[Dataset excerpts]
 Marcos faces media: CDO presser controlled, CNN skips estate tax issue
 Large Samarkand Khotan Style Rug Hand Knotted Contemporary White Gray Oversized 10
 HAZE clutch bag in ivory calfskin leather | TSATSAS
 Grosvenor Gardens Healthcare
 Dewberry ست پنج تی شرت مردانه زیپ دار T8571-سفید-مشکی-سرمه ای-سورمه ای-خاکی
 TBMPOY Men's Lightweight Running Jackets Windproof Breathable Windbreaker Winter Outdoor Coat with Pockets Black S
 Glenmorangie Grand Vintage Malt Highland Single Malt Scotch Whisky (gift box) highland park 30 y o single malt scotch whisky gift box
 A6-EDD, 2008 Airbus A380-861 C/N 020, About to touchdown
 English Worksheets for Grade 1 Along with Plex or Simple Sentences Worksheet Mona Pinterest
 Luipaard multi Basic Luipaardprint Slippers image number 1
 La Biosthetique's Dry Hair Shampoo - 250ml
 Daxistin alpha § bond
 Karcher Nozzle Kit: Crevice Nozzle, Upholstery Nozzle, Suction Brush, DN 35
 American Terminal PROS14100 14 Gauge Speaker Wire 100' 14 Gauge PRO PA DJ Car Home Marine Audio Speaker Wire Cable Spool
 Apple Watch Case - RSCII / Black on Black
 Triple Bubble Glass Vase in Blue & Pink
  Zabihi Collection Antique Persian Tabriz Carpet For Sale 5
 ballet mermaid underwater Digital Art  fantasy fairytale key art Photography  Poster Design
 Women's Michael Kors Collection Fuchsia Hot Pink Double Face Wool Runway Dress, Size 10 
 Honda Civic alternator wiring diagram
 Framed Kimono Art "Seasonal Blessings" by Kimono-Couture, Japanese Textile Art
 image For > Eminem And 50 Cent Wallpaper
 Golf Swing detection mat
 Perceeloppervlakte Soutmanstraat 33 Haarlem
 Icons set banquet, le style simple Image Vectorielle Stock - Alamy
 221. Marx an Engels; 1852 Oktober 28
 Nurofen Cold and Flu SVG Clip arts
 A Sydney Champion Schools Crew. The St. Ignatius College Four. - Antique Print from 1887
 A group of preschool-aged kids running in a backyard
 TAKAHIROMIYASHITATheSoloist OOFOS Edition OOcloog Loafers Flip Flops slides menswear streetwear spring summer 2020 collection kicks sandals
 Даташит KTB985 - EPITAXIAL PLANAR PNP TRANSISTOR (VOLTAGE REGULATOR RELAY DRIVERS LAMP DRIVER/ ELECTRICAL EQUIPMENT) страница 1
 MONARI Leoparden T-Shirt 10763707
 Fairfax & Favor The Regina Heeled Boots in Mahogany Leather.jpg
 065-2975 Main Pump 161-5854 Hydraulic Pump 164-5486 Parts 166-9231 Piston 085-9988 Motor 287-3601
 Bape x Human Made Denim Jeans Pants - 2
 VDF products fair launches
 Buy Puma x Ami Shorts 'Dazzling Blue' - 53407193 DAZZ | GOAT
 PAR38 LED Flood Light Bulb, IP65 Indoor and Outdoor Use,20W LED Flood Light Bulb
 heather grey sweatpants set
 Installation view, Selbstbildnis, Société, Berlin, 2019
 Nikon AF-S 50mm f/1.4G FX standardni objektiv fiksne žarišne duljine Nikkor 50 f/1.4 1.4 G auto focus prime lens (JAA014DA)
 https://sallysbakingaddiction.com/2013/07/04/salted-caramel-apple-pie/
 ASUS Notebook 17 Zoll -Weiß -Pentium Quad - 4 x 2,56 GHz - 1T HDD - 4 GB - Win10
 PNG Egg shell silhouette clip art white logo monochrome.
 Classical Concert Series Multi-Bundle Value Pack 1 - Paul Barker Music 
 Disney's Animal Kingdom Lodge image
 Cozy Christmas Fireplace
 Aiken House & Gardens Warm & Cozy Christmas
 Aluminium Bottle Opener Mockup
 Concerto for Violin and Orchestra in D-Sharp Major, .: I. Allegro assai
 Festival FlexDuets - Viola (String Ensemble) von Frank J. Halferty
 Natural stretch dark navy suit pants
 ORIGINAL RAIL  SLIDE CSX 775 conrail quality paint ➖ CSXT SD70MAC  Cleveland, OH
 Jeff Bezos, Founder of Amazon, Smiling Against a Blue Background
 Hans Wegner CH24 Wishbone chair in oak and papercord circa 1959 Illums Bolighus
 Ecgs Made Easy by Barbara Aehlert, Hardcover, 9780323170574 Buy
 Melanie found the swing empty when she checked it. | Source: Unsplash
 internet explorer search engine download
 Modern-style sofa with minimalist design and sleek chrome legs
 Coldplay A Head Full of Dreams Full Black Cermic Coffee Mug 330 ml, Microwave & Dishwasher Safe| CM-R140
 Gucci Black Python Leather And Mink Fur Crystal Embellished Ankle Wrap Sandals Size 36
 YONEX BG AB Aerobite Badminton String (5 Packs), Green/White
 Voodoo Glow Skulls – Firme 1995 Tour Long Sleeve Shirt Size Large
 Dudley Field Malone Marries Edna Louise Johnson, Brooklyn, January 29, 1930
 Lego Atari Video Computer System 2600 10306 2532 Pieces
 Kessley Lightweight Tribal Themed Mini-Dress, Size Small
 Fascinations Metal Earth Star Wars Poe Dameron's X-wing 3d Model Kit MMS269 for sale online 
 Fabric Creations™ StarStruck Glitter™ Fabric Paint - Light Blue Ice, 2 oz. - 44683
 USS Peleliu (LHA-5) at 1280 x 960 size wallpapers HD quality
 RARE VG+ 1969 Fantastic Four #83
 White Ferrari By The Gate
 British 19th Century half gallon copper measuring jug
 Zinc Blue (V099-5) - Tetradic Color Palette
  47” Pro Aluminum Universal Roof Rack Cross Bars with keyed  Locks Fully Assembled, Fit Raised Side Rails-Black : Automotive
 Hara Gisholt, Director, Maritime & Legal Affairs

Problem to solve: An exact repeat of all the records is required.

Answer space:
 Marcos faces media: CDO presser controlled, CNN skips estate tax issue
 Large Samarkand Khotan Style Rug Hand Knotted Contemporary White Gray Oversized 10
 HAZE clutch bag in ivory calfskin leather | TSATSAS
 Grosvenor Gardens Healthcare
 Dewberry ست پنج تی شرت مردانه زیپ دار T8571-سفید-مشکی-سرمه ای-سورمه ای-خاکی
 TBMPOY Men's Lightweight Running Jackets Windproof Breathable Windbreaker Winter Outdoor Coat with Pockets Black S
 Glenmorangie Grand Vintage Malt Highland Single Malt Scotch Whisky (gift box) highland park 30 y o single malt scotch whisky gift box
 A6-EDD, 2008 Airbus A380-861 C/N 020, About to touchdown
 English Worksheets for Grade 1 Along with Plex or Simple Sentences Worksheet Mona Pinterest
 Luipaard multi Basic Luipaardprint Slippers image number 1
 La Biosthetique's Dry Hair Shampoo - 250ml
 Daxistin alpha § bond
 Karcher Nozzle Kit: Crevice Nozzle, Upholstery Nozzle, Suction Brush, DN 35
 American Terminal PROS14100 14 Gauge Speaker Wire 100' 14 Gauge PRO PA DJ Car Home Marine Audio Speaker Wire Cable Spool
 Apple Watch Case - RSCII / Black on Black
 Triple Bubble Glass Vase in Blue & Pink
  Zabihi Collection Antique Persian Tabriz Carpet For Sale 5
 ballet mermaid underwater Digital Art  fantasy fairytale key art Photography  Poster Design
 Women's Michael Kors Collection Fuchsia Hot Pink Double Face Wool Runway Dress, Size 10 
 Honda Civic alternator wiring diagram
 Framed Kimono Art "Seasonal Blessings" by Kimono-Couture, Japanese Textile Art
 image For > Eminem And 50 Cent Wallpaper
 Golf Swing detection mat
 Perceeloppervlakte Soutmanstraat 33 Haarlem
 Icons set banquet, le style simple Image Vectorielle Stock - Alamy
 221. Marx an Engels; 1852 Oktober 28
 Nurofen Cold and Flu SVG Clip arts
 A Sydney Champion Schools Crew. The St. Ignatius College Four. - Antique Print from 1887
 A group of preschool-aged kids running in a backyard
 TAKAHIROMIYASHITATheSoloist OOFOS Edition OOcloog Loafers Flip Flops slides menswear streetwear spring summer 2020 collection kicks sandals
 Даташит KTB985 - EPITAXIAL PLANAR PNP TRANSISTOR (VOLTAGE REGULATOR RELAY DRIVERS LAMP DRIVER/ ELECTRICAL EQUIPMENT) страница 1
 MONARI Leoparden T-Shirt 10763707
 Fairfax & Favor The Regina Heeled Boots in Mahogany Leather.jpg
 065-2975 Main Pump 161-5854 Hydraulic Pump 164-5486 Parts 166-9231 Piston 085-9988 Motor 287-3601
 Bape x Human Made Denim Jeans Pants - 2
 VDF products fair launches
 Buy Puma x Ami Shorts 'Dazzling Blue' - 53407193 DAZZ | GOAT
 PAR38 LED Flood Light Bulb, IP65 Indoor and Outdoor Use,20W LED Flood Light Bulb
 heather grey sweatpants set
 Installation view, Selbstbildnis, Société, Berlin, 2019
 Nikon AF-S 50mm f/1.4G FX standardni objektiv fiksne žarišne duljine Nikkor 50 f/1.4 1.4 G auto focus prime lens (JAA014DA)
 https://sallysbakingaddiction.com/2013/07/04/salted-caramel-apple-pie/
 ASUS Notebook 17 Zoll -Weiß -Pentium Quad - 4 x 2,56 GHz - 1T HDD - 4 GB - Win10
 PNG Egg shell silhouette clip art white logo monochrome.
 Classical Concert Series Multi-Bundle Value Pack 1 - Paul Barker Music 
 Disney's Animal Kingdom Lodge image
 Cozy Christmas Fireplace
 Aiken House & Gardens Warm & Cozy Christmas
 Aluminium Bottle Opener Mockup
 Concerto for Violin and Orchestra in D-Sharp Major, .: I. Allegro assai
 Festival FlexDuets - Viola (String Ensemble) von Frank J. Halferty
 Natural stretch dark navy suit pants
 ORIGINAL RAIL  SLIDE CSX 775 conrail quality paint ➖ CSXT SD70MAC  Cleveland, OH
 Jeff Bezos, Founder of Amazon, Smiling Against a Blue Background
 Hans Wegner CH24 Wishbone chair in oak and papercord circa 1959 Illums Bolighus
 Ecgs Made Easy by Barbara Aehlert, Hardcover, 9780323170574 Buy
 Melanie found the swing empty when she checked it. | Source: Unsplash
 internet explorer search engine download
 Modern-style sofa with minimalist design and sleek chrome legs
 Coldplay A Head Full of Dreams Full Black Cermic Coffee Mug 330 ml, Microwave & Dishwasher Safe| CM-R140
 Gucci Black Python Leather And Mink Fur Crystal Embellished Ankle Wrap Sandals Size 36
 YONEX BG AB Aerobite Badminton String (5 Packs), Green/White
 Voodoo Glow Skulls – Firme 1995 Tour Long Sleeve Shirt Size Large
 Dudley Field Malone Marries Edna Louise Johnson, Brooklyn, January 29, 1930
 Lego Atari Video Computer System 2600 10306 2532 Pieces
 Kessley Lightweight Tribal Themed Mini-Dress, Size Small
 Fascinations Metal Earth Star Wars Poe Dameron's X-wing 3d Model Kit MMS269 for sale online 
 Fabric Creations™ StarStruck Glitter™ Fabric Paint - Light Blue Ice, 2 oz. - 44683
 USS Peleliu (LHA-5) at 1280 x 960 size wallpapers HD quality
 RARE VG+ 1969 Fantastic Four #83
 White Ferrari By The Gate
 British 19th Century half gallon copper measuring jug
 Zinc Blue (V099-5) - Tetradic Color Palette
  47” Pro Aluminum Universal Roof Rack Cross Bars with keyed  Locks Fully Assembled, Fit Raised Side Rails-Black : Automotive
 Hara Gisholt, Director, Maritime & Legal Affairs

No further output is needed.